#### Available data
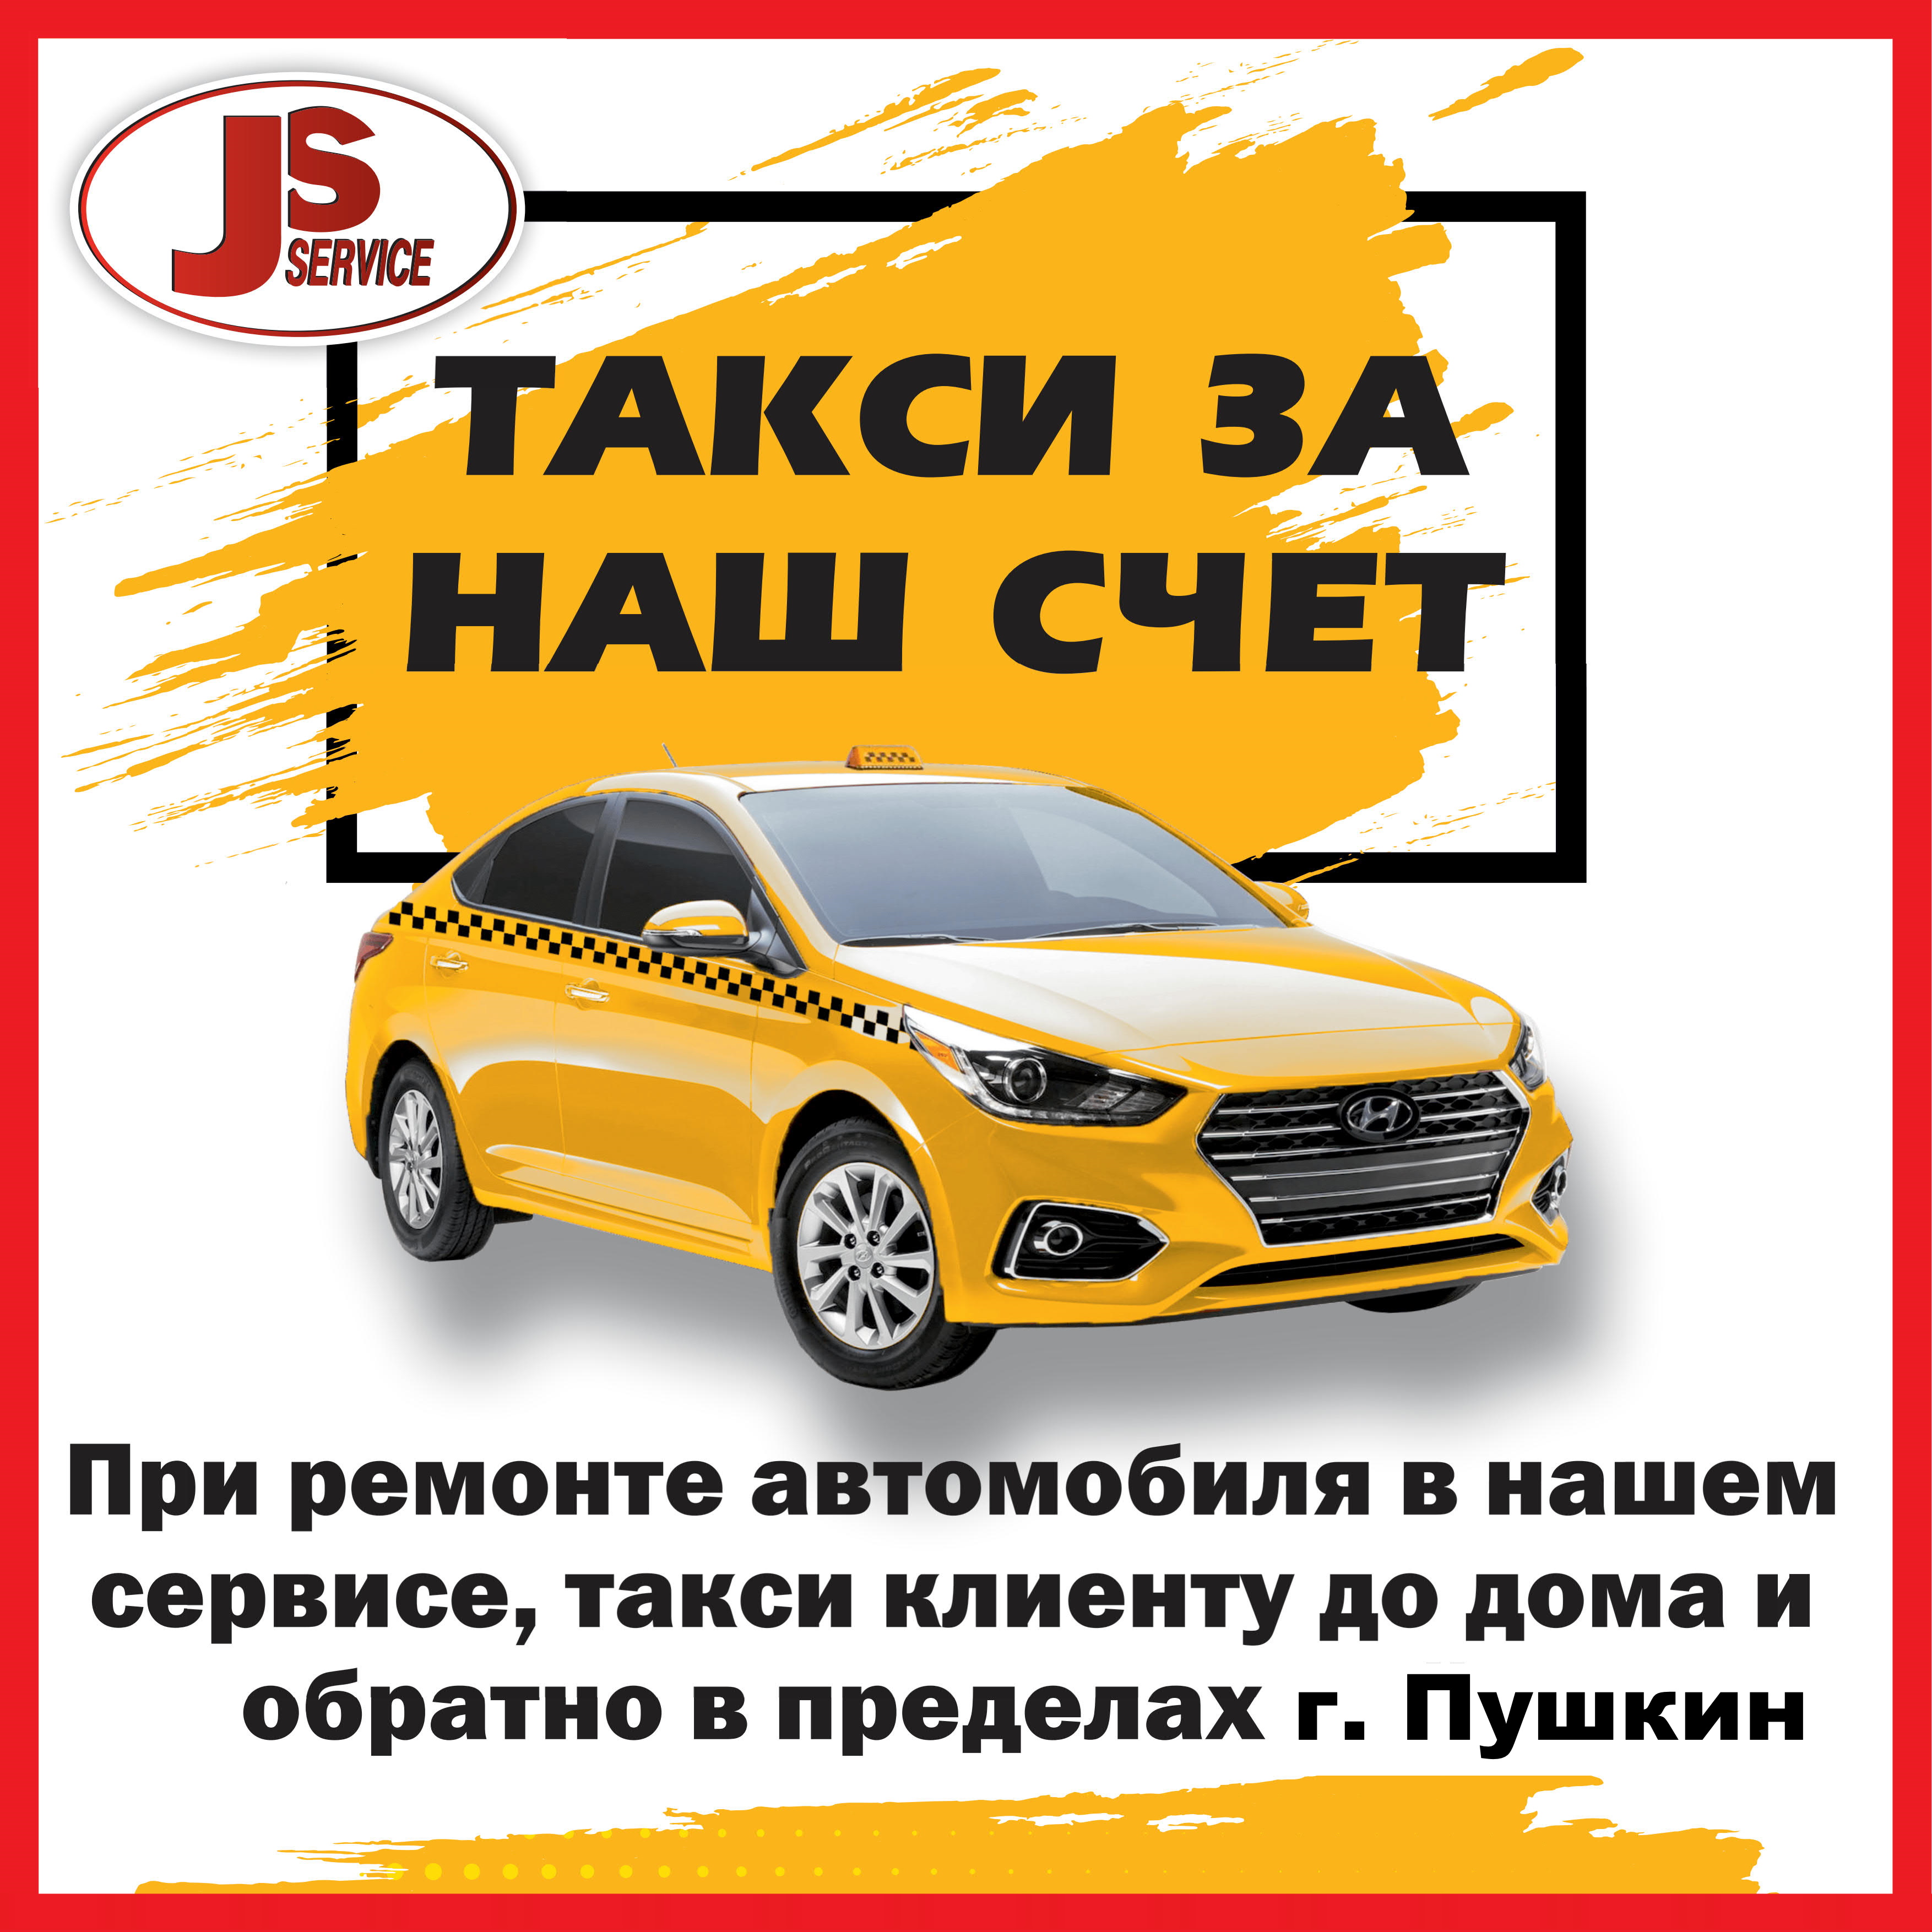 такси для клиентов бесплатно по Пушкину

* * *

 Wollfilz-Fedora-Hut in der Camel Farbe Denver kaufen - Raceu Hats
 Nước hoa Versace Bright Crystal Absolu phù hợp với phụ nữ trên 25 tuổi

#### Task description
Reproduce the lines of the entries above from the one with "Wollfilz-Fedora-Hut in der" to the one with "Nước hoa Versace", both included, exactly and without any other line.

#### Written answer
 Wollfilz-Fedora-Hut in der Camel Farbe Denver kaufen - Raceu Hats
 Nước hoa Versace Bright Crystal Absolu phù hợp với phụ nữ trên 25 tuổi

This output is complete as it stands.